RPM Consultants - Terms and Conditions
These Terms and Conditions apply to the provision of Services by us, RPM Consultants, a trading name of
Resources Productivity Management Limited, a company registered in England under number 01953431, whose
registered address is at 500 Charlotte Road, Sheffield, S2 4ER (referred to as “the Company/we/us/our”).
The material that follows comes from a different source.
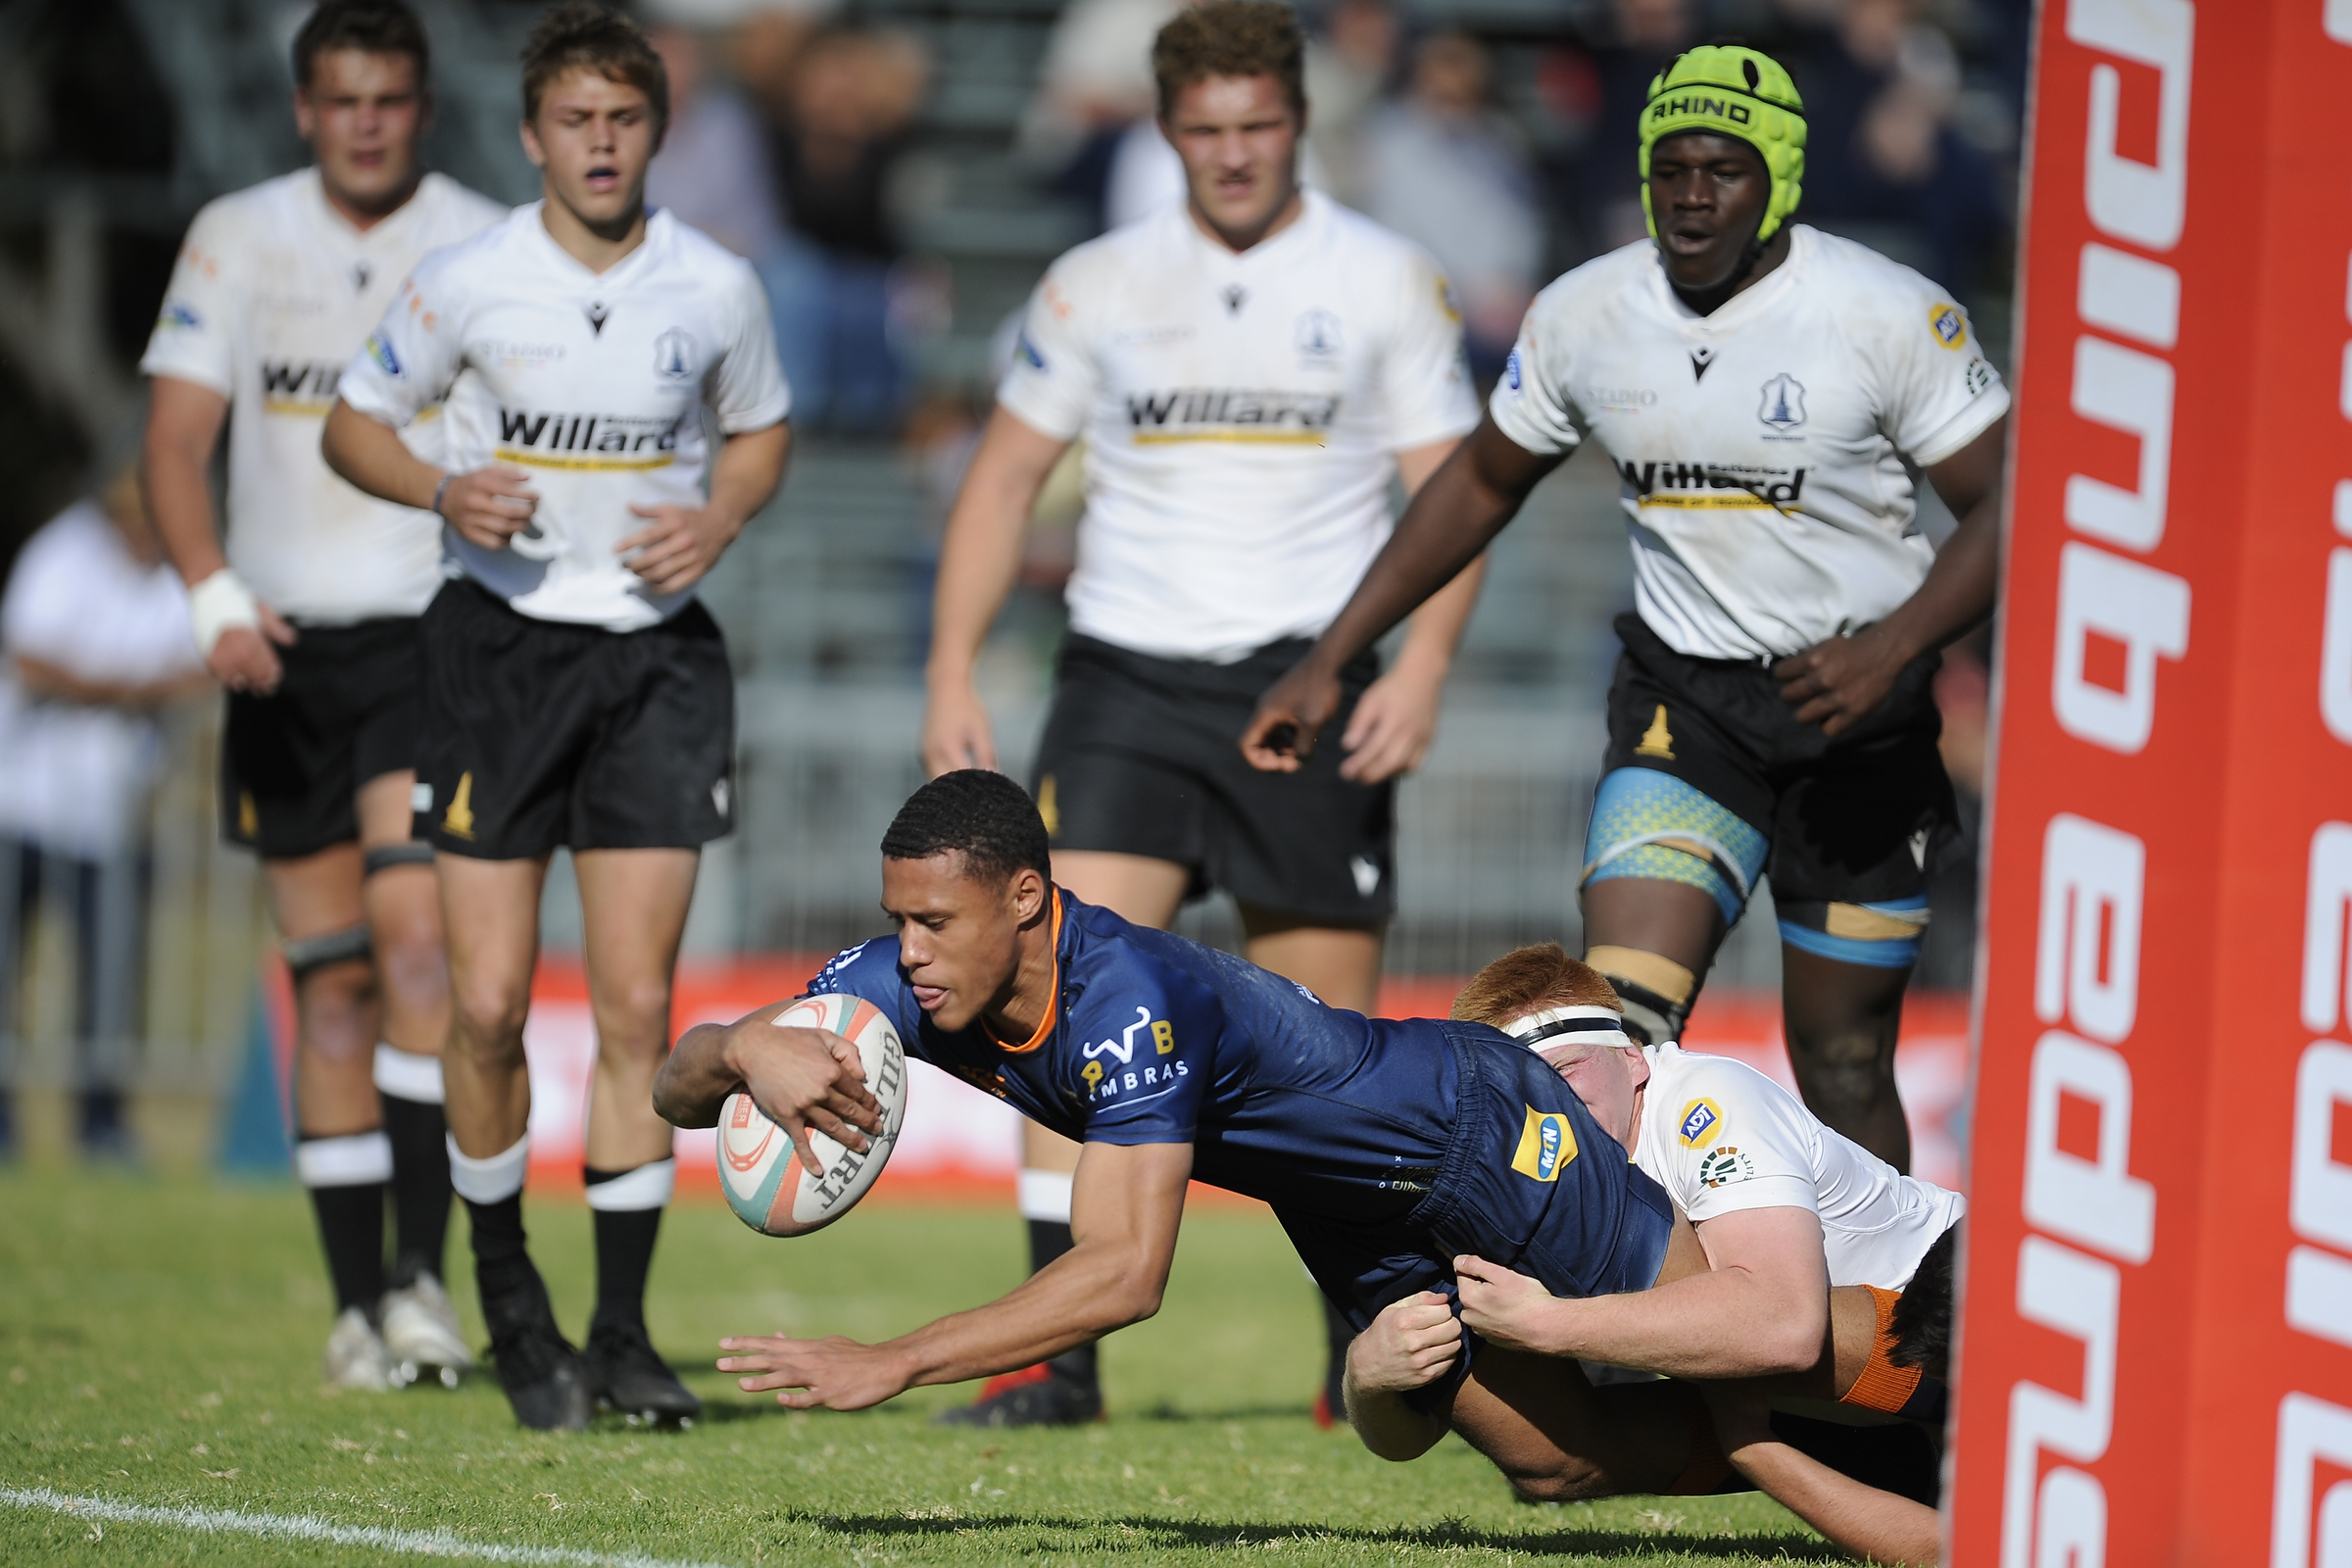 Match report of Grey College 41 vs 17 Hoërskool Monument – 28 May 2022

Definitions and Interpretation
- In these Terms and Conditions, unless the context otherwise requires, the following expressions
have
the
following meanings:
“Agreement” means the contract into which you and we will enter if you
accept
our Proposal. The Agreement
will incorporate, and be subject to, these Terms and Conditions;
“Client/you/your” means the business accepting our Proposal or placing an order with us.
Where
an individual
is entering into the Agreement on behalf of a business, that individual confirms they have
the
authority to
legally bind and enter into the Agreement on behalf of that business and the business will
be
our Client in
the context of the Agreement;
“Proposal” means the proposal we will give to you as set out in clause 2
which,
unless otherwise specified,
remains open for acceptance for a period of 30 days and sets out our entire scope of works;
“Services” means the energy consultancy and any other Services we will provide to you in
accordance with the
Proposal; and
“Term” means the initial term of the Agreement as set out in the Proposal,
and
any subsequent term.
- Each reference in these Terms and Conditions to:
- “writing/written” includes emails;
- a statute or provision of a statute refers to that statute or provision as amended or
re-enacted at
the relevant time;
- a "party" or the "parties" refer to the parties to these Terms and Conditions and
includes
their
employees, agents and sub-contractors;
- “these Terms and Conditions” refers to these Terms and Conditions; and
- a clause refers to a clause of these Terms and Conditions.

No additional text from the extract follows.